Bild: Optimistische Beleuchtung: Windmühle von Windwärts.
FREIBURG taz | Nach dem Windkraftriesen Prokon ist nun ein weiteres
Unternehmen der Branche zahlungsunfähig: Die
Projektentwicklungsgesellschaft Windwärts Energie GmbH hat beim Amtsgericht
Hannover die Eröffnung eines Insolvenzverfahrens beantragt.
Insgesamt gibt es nach Angaben des vorläufigen Insolvenzverwalters, Volker
Römermann, rund 1.600 Inhaber von Genussrechten, die rund 18,9 Millionen
Euro investiert haben sollen. Bereits um den Jahreswechsel war bekannt
geworden, dass das Unternehmen die fällige Rückzahlung von
Genussrechtskapital in Höhe von 1,9 Millionen Euro nicht leisten kann.
Schon die damalige Formulierung, man verschiebe die Auszahlungen „auf
unbestimmte Zeit“, ließ wenig Hoffnung auf kurzfristige Besserung der Lage.

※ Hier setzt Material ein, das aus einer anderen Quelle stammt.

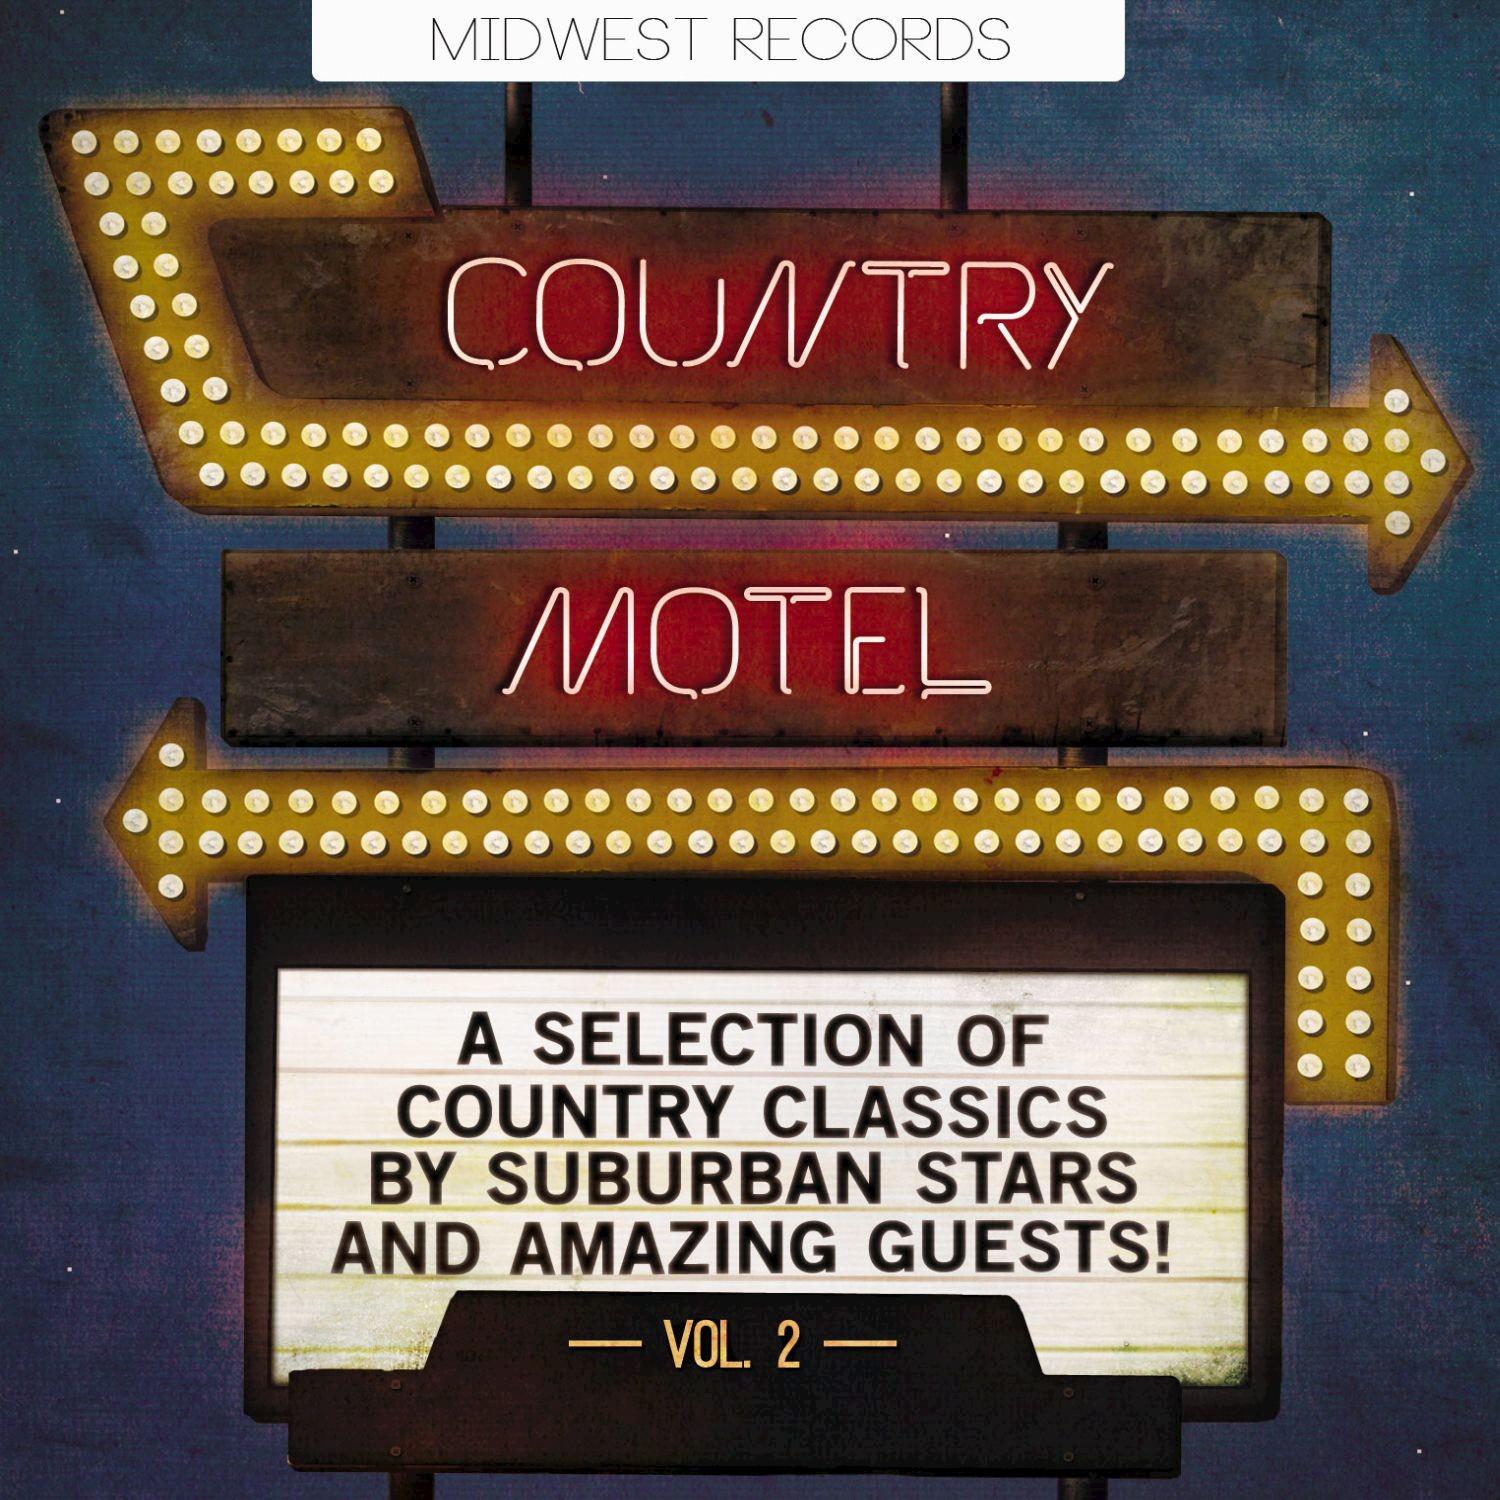 Country Motel Vol. 2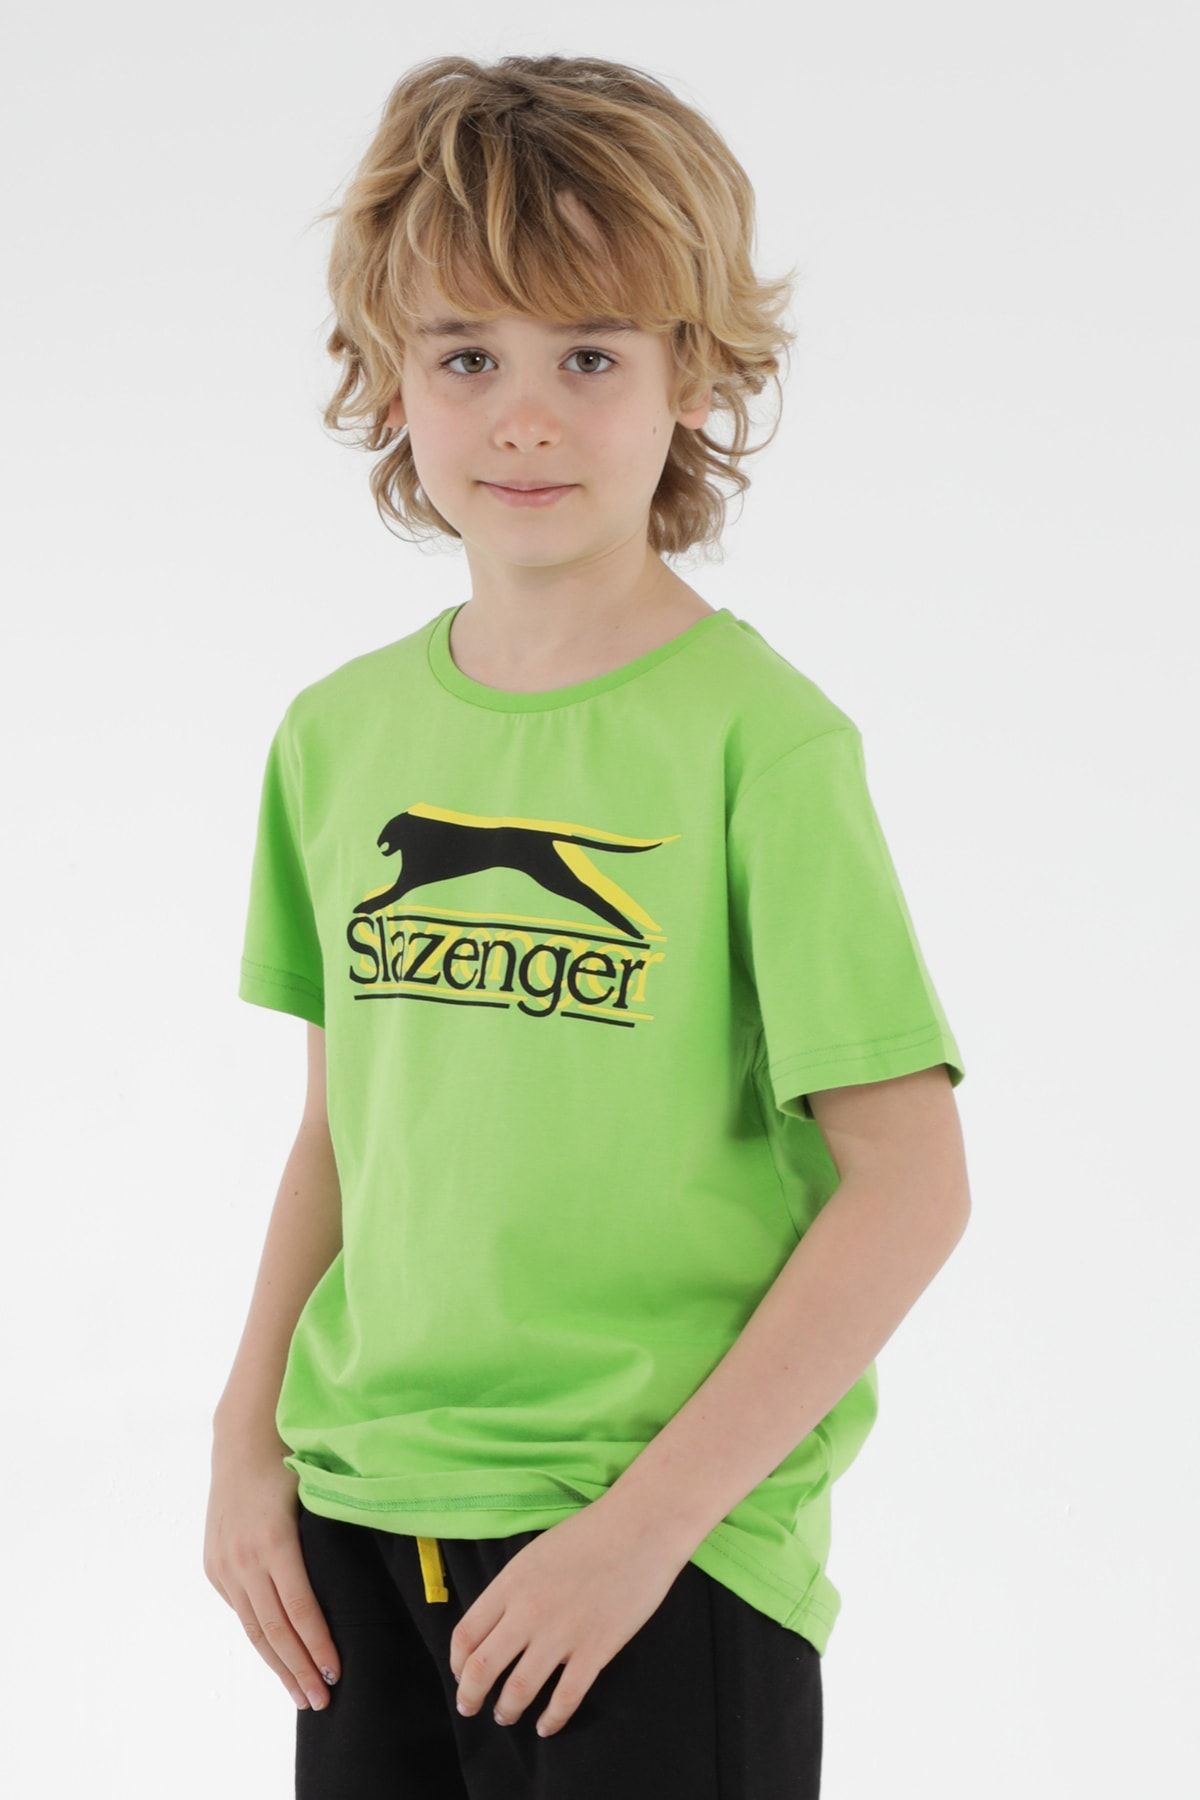 Slazenger Palle Erkek Çocuk T-shirt Yeşil

Im Januar musste Windwärts dann außerdem fällige Zinszahlungen für zwischen
2006 und 2013 aufgelegte Unternehmensgenussrechte in Höhe von insgesamt 1,3
Millionen Euro aussetzen.
Dass das Hannoveraner Unternehmen erst jetzt und nicht schon einige Wochen
früher den Insolvenzantrag stellte, begründet die Geschäftsführung mit
einem neuen Rechtsgutachten. Dieses sei zu dem Ergebnis gekommen, „dass die
Rückzahlungsansprüche der Genussrechtsinhaber entgegen der bisherigen
Rechtsauffassung des Unternehmens bei der Prüfung der Zahlungsunfähigkeit
berücksichtigt werden müssen“.
Damit zeigt sich, wie kompliziert die juristische Bewertung von
Genussrechten ist. Eine ähnliche Fragestellung steht nämlich auch bei
Prokon im Raum: Das Unternehmen hat im Januar den Insolvenzantrag zwar
gestellt, die Einleitung eines Insolvenzverfahrens aber ist weiterhin
offen. Prokon hofft nach wie vor, ein solches durch eine neue
Firmenstruktur vermeiden zu können. Auch bei Windwärts ist noch nicht
gänzlich sicher, ob das Insolvenzverfahren eröffnet wird. Bis Anfang Mai
muss die Entscheidung fallen.
## „Kein strukturelles Problem“
Der Windwärts-Insolvenzverwalter zeigt sich unterdessen optimistisch, dass
diese Firma fortbestehen kann: „Alles sieht gut aus, es gibt gute Projekte
und kein strukturelles Problem.“ Die Firma habe schlicht bei mehreren
Projekten „Pech gehabt“. So sei eines durch nicht bekannte Überflugrechte
der Bundeswehr überraschend verzögert worden, ein anderes durch
naturschutzrechtliche Fragen. Mit Prokon möchte Römermann die Firma
Windwärts daher auch in gar keinem Fall verglichen sehen.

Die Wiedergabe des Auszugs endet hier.